Sunday, August 20, 2006

Red Bolero

The red bolero made its debut, as planned, at the Santa Fe Opera. I made it to go with a black and white polka-dot dress as a little cover-up, since the opera is an amphitheater open on both sides. It would have been quite effective on a cool, breezy night, but not so much in a 55-degree torrential downpour. Because that's what happened. The rain came in sideways, prompting hoards of people to run as the opera was still going on, chanting from the audience, and smuggling of alcoholic beverages. Classy crowd, it was. Anyway, here's the sweater after I did a lot of math to re-knit the sleeves. I used size 5 circulars and Elann's Endless Summer Collection Luna in I think what is called Zen Red. The pattern is at garnstudio.com, but I wouldn't suggest it unless you feel like writing your own pattern for the sleeves.

Santa Fe, Nuevo Mexico

Ahh, mountains. I spent last week in the northern half of the state, in Santa Fe and Taos. People tend to have an overarching view of New Mexico, but really the two halves are quite different. The bottom is truly desert, where there are some mountains but no trees on them, and temperatures frequently are above 100. In the north, there are abundant trees, rain, and humidity - and also a lot of rich people and art. We did all of the stuff that people do in such places, such as shop, eat green chile smothered everything, look at things Hecho en Mexico, and try to get away from bad public music. Some of the highlights included driving many hours to eat at the "Burrito Banquet," a trailer in Cimmarron selling home-made burritos, and a song that Jason wrote while floating in a pool in Taos. "Appendage man, appendage man, doin' the things that appendages can / Like walking around and grabbing stuff." Brilliant.

Wednesday, August 02, 2006

Questionable Art

Because I flew out to New Mexico instead of driving, I'm currently car-less. The only place within walking distance (1 mile away) is a small, junky thrift store. I spent an hour there just to be out of the house, and came away with this:


I know, you're probably asking yourself why an art historian would bring home something like this. Well, for one, it only cost a dollar. Its also not difficult to notice that two people painted this - or, more likely, one person painted it and someone with questionable artistic ability painted over it for no apparent reason.

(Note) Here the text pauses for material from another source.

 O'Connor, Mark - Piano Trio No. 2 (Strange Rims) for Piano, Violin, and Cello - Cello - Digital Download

The reason I loved it so much was the original colors - the green of the leaves and the blue background are great.

The chili peppers are another story - the plan is to possibly remove some of the paint (since its very thick and totally different from the original painting style) and re-paint the chilis. Gotta love do-it-yourself art restoration.

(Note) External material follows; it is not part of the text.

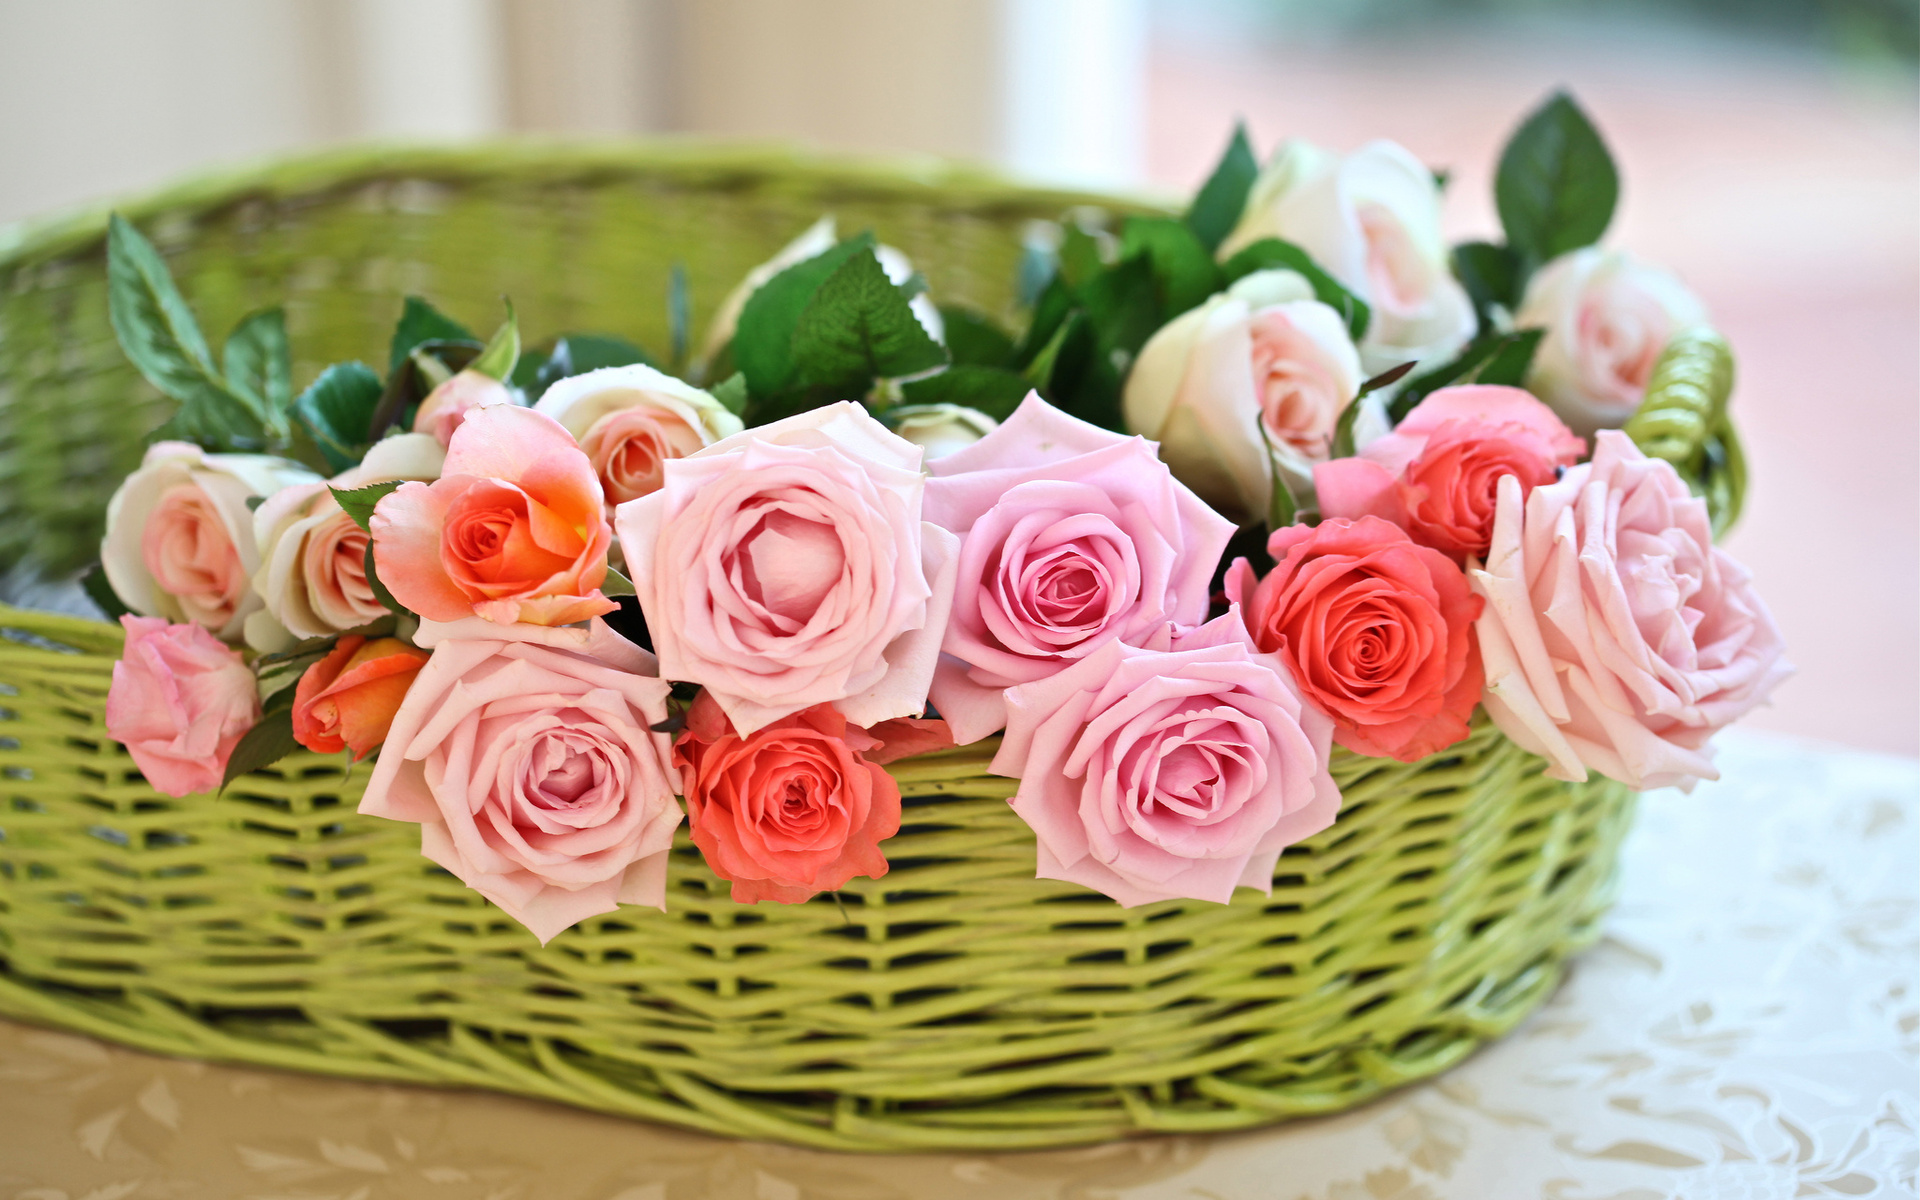 Bó hoa với sắc hoa tươi thắm và bố trí tinh tế chắc chắn sẽ làm bạn ngất ngây. Xem bức ảnh về bó hoa hoa nhài, hoa hồng hay hoa cẩm chướng nào để cảm nhận sức mạnh của sắc hoa và nghệ thuật cắm hoa.

Confident in my recently aquired French reading ability, I finally ordered some knitting patterns from France. I think Phildar rivals Interweave in the wearability of their patterns - no crazy multi-length cardigans or insane colorwork a la Rowan or Vogue. I ordered the Tendances winter 05-06 magazine, which worked out to only around $10 including international shipping. Here are the highlights:

I want to make ALL of them! Yet that may be something of a challenge:

Before Dawn

On Saturday morning, I got up at 3:45am on purpose. Why would I do such a thing?? Well, I had volunteered to work at Carlsbad Caverns 49th Annual Bat Flight Breakfast. I spent an hour and a half serving croissants to tourists, who for some reason had decided to get up insanely early on their vacations. When my shift started at 4:30am, there was a line of hungry visitors. I guess the point of this was to see 100,000 bats fly back into the cave after dining on tiny bugs all night. Since I'm generally violently opposed to waking up before dawn, I had never seen this even after 3 summers of park rangering. Wow! I was totally impressed - the bats made an audible "whooshing" sound as they dive-bombed the cave. I even got my picture in the paper! And by picture I mean "the back of my head is barely visible" and by paper I mean "the specimen of horrible writing known as the Carlsbad Current-Argus." (Bat picture by the talented photographer Luke Fields.)